1905 Sonbahar Sergisi (SALON D’AUTOMNE)
1905 Sonbahar Sergisi, aynı salonda Matisse, Marquet, Van Dongen, Derain, Vlaminck, Manguin, Rouault, vb. sanatçıların tümü de birbirinden daha renkçi yapıtlarını bir araya getirdi. İşte bu sırada serginin bir köşesinde heykelci Marqueın Floransa’ya özgü bir üslupta gerçekleştirmiş olduğu bir heykelciği gören Louis Vauxcelles’in ağzından “Yırtıcı hayvanlar (“fovlar”) arasında bir Donatello!” sözcükleri dökülüverdi; bu olay basına yansıdı ve fovların adı da böylece konmuş oldu. Othon Friesz (1879-1949), Raoul Dufy (1877-1953) ve Georges Braque (1882-1963) gibi Paris’te Bonnat’nın yanında 1903 yılına kadar son derece akademik dersler gören üç Havre’lı sanatçı, 1906 yılında doruk noktasına ulaşacak olan “fov” resim anlayışını benimsediler (Friesz 1903’te, Dufy ve Braque biraz daha sonra). Gerçekten de fovizmi en iyi yansıtan yapıtların çoğu yalnızca 1906 yılı boyunca gerçekleştirildi: Nanterre’li Balıkçılar (Vlaminck), Tfıames Üstünde Güneşin Batışı (Derain), Plajda Karnaval (Marquet), La Ciotat (Braque), Yaşama Mutluluğu (Matisse).
Fovizm ve Sonrası
Fovizmin, dikkatleri yeni yeni üstüne çektiği sıralarda akımın öncüleri, en başta da Braque (fovizm doğrultusundaki yapıtlarının sayısı yirmiyi geçmez), araştırmalarını başka bir doğrultuya yönelttiler. Cezanne’ın resmi, Afrika’daki ilkel sanatların bulunup ortaya çıkarılması ve Picasso’nun 1907’de bitirdiği Avignon’lu Genç Kızlar artık bu akımın yıkıldığını gösteren belirtilerdi; ama katışıksız tonlar kullanan birçok sanatçı için fovizm belki de yalnızca bir teknikti ve hiçbiri, hattâ Matisse bile, bu teknikten kalkarak tümü için herhangi bir estetik öğreti yaratmayı düşünmemişti.

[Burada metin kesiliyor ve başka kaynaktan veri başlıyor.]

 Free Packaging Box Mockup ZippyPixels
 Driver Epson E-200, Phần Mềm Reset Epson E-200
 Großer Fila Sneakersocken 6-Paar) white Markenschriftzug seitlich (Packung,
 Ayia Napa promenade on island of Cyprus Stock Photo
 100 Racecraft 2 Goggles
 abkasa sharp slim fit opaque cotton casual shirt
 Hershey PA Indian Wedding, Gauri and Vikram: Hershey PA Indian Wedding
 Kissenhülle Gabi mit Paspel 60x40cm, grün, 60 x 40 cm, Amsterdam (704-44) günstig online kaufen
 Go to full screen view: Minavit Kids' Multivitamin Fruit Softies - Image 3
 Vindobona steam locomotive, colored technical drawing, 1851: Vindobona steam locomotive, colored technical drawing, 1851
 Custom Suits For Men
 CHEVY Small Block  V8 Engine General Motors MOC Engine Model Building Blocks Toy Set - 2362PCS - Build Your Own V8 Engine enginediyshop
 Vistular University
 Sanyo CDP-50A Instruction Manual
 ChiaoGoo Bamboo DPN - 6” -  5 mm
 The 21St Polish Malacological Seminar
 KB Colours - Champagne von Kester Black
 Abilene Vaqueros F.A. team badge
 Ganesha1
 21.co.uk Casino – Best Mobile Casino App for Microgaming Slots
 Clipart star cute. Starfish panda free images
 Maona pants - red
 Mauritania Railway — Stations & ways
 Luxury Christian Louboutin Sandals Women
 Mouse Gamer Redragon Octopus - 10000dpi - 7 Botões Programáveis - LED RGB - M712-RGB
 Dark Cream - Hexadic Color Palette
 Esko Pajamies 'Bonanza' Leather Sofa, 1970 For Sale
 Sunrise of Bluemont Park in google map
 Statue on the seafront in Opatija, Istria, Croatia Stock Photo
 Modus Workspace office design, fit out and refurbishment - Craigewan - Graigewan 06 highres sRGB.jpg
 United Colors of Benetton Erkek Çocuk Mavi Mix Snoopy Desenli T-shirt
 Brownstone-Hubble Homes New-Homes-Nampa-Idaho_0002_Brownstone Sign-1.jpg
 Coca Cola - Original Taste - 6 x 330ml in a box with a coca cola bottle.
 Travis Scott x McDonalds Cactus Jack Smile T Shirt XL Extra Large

Fovizmin birçok özelliği, 1905 yılında Dresden’de Die Brücke (Köprü) topluluğunu oluşturan Alman ressamlarda da görülür: Kirchner, Heckel, Schmidt-Rottluff ve Emil Nolde.
ANDRE DERAİN
Kransız ressamı (Chatou, 1880— Garches, 1954).
Carriere Akademisindeki dersleri işleyen ve orada Matisse’le tanışarak resim yapmaya karar veren Andre Derain 1900 yılında, askere gitmeden hemen önce Vlaminck’le dostluk kurdu. Her ikisi Chatou adasında fovizmin beşiği olan bir atölyede çalıştılar. Derain’in ilk yapıtlarında yeni-izlenimciliğin Toulouse- Lautrec’in ve Gauguin’in etkileri görülür. 1905-1907 yılları arasındaki fov döneminde gerçekleştirmiş olduğu tablolarda, öbür yapıtlarında ulaşamadığı bir modernlik özelliği, temel bir atılım göze çarpar. Gerçekten de, bu sanatçı bir yandan mizacı gereği, yeni yeni araştırmalara yönelirken öte yandan da, benimsemiş olduğu tutucu bir düşünce biçimi gereği yaşamı boyunca, gotik sanattan, XV. yy. İtalyan sanatından (quattror.ento),Pompei sanatından ya da Caravaggio. Corot ve Renoir’dan kalkarak, kendisi için geçmişteki biçim anlayışını oluşturmaya çalışmıştır. Kuşkusuz Derain belki de bir bireşim yapma peşindeydi, ama bu geleneksel değerlerin geniş çaplı bir bilincine varılmasından doğmuştur. Derain’in heykel çalışmaları da vardır, ama hiçbir zaman heykelci olmamıştır. Öte, yandan resimleme alanında değerli yapıtlar vermiştir; Apollinaire’in Çürüyen Büyücüsü için yaptığı resimlemeler günümüzde de büyük önem taşır. Tümüyle değişik bir anlayış içinde ve halk resimlerinden esinlenerek Pantagruel için (1943) renkli resimlemeler yapmayı başarmıştır. Yüzyılın başlarında Kübizmin doğmasında büyük payı olan Zenci Afrika’nın ilkel sanatlarıyla ilgilenen ilk sanatçı Derain olmuştur.